In November 2016, District of Columbia voters may get a chance to vote on a proposal to raise the hourly minimum wage to $15. If approved, the measure would lift D.C.'s minimum wage to be on a par with those in such liberal cities as Seattle, San Francisco, and Los Angeles. But though the $4.50 jump from its current level might help a few workers, it would hurt many others, alongside consumers and businesses in some parts of the city.
On the surface, this might seem like a way to increase the standard of living for lower-income workers in the district, but in reality, the policy would most likely backfire. For instance, research by economists David Neumark of the University of California, Irvine, William Wascher of the Federal Reserve Board, and Mark Schweitzer of the Federal Reserve Bank of Cleveland shows that minimum wages increase poverty—and hence poverty reduction shouldn't be expected as a benefit of raising the minimum wage. That's because, contrary to common belief, the relationship between low wages and poverty is extremely weak.
As Neumark—who has done extensive research on the issue—explains, "the principal sources of an individual's higher earnings are more schooling and the accumulation of experience and skills in the labor market," both of which are discouraged by increases in the minimum wage. Though an increase raises the wages of some people, it also reduces employment of young and low-skilled people. The Congressional Budget Office calculated that an increase in the federal minimum wage from its current level, $7.25 an hour, to $10.10 per hour would cost about 500,000 jobs.
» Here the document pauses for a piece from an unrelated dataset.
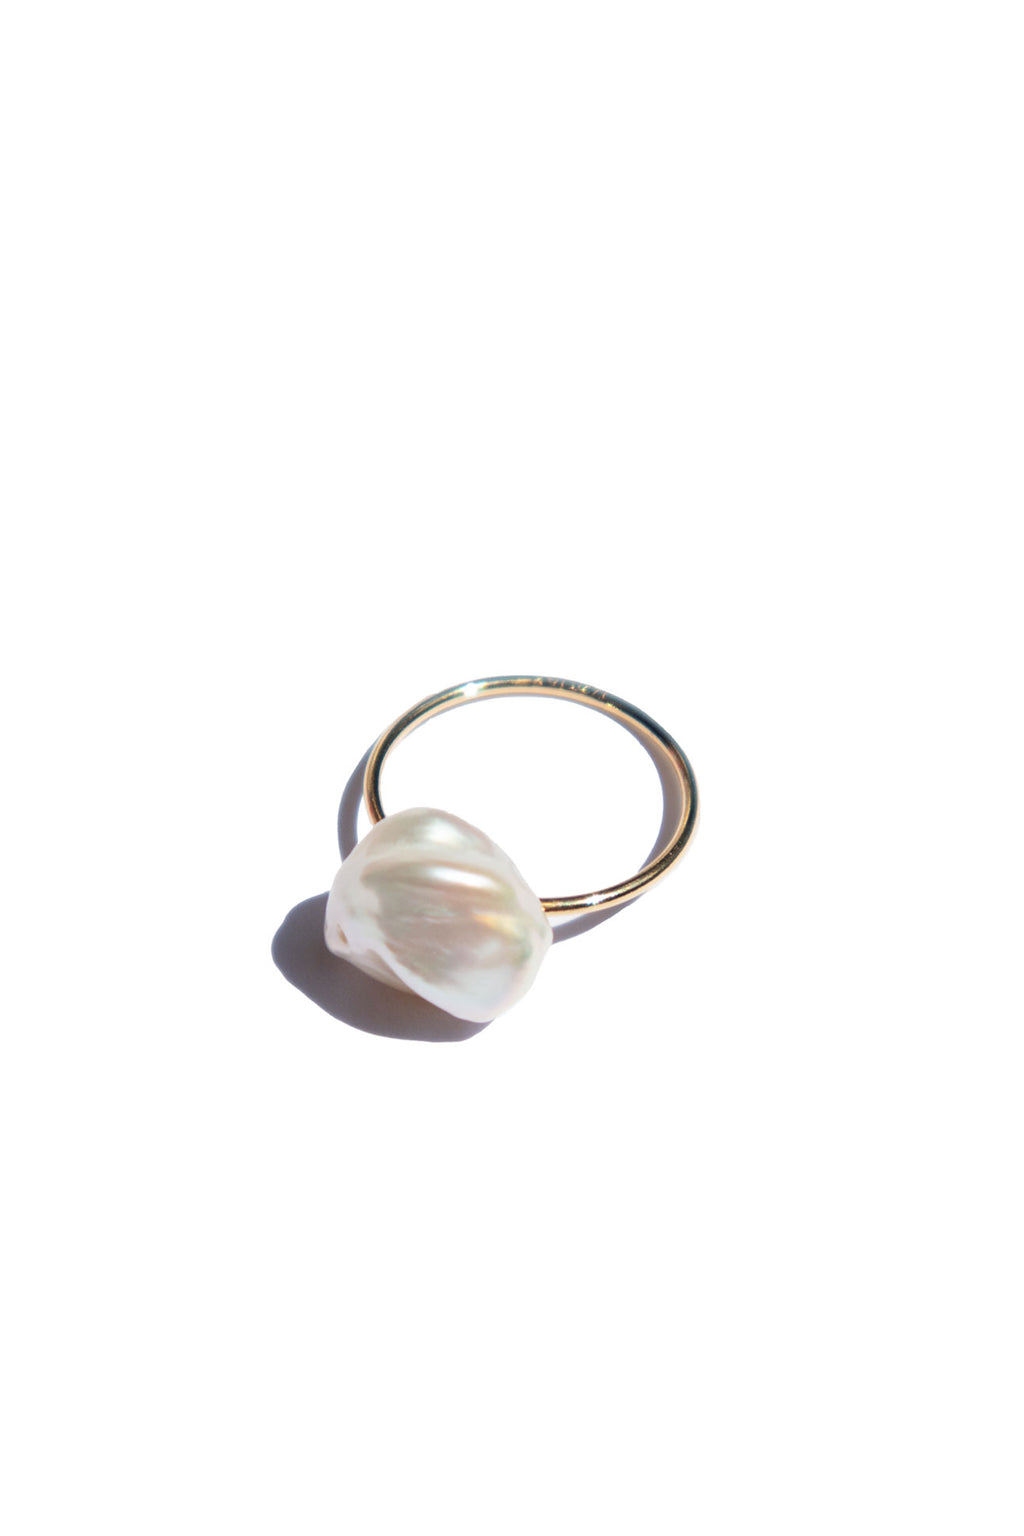 of-marga-imogen-pearl-skinny-gold-ring-1_1

The negative consequences are also worse when unemployment is high; hence, not all D.C. neighborhoods would be similarly affected. Economist Salim Furth of the Heritage Foundation explained to me: "It's easy for the lobbyists and economists of D.C. to forget that a quarter of the city is very poor and poorly served by its government. A $15 (minimum wage) would raise prices in Georgetown, but in Congress Heights, it would shutter shops altogether." Georgetown is in Ward 2, where the unemployment rate is below 5 percent. Congress Heights is part of Ward 8, where unemployment is 13.4 percent.
Furth said: "The people most likely to lose their jobs are those in professions where there is no successful business model that includes high wages. In D.C., 18,000 people work in professions where most workers earn less than $10 an hour. That includes parking lot attendants, shampooers and a lot of food service workers."
Consumers would be affected, too, as businesses push the extra cost onto them. Considering how sensitive they are to price changes, it might further hurt employment.
Fast-food workers might stand to lose the most from the hike. Using peer-reviewed research, James Sherk, Furth's labor economist colleague, estimates that a $15 minimum wage would cause a 36 percent drop in hours worked in fast-food chains. His estimate is based on a national average and is not restricted to a high-cost city such as D.C. He told me, "I would expect a smaller effect in D.C., as $15 an hour will be less of a proportionate increase than it will be in, say, Louisville, Kentucky."
To make matters worse, Sherk explained, "a $15-an-hour minimum wage in D.C. would force many less skilled D.C. residents to look for work outside the city or not work at all." He added, "Businesses will not pay workers more than the value they produce."
As the debate about the effects of minimum wage policies continues, the evidence seems to point to their long-term negative consequences. But often, politicians don't care. After all, when you raise the minimum wage, you can point to someone whose earnings just got a boost, whereas it is difficult to see the negative effects on workers who couldn't get jobs or saw their hours cut because of the policy. Unfortunately, many D.C. residents could find themselves among the unseen victims if the voters approve this raise.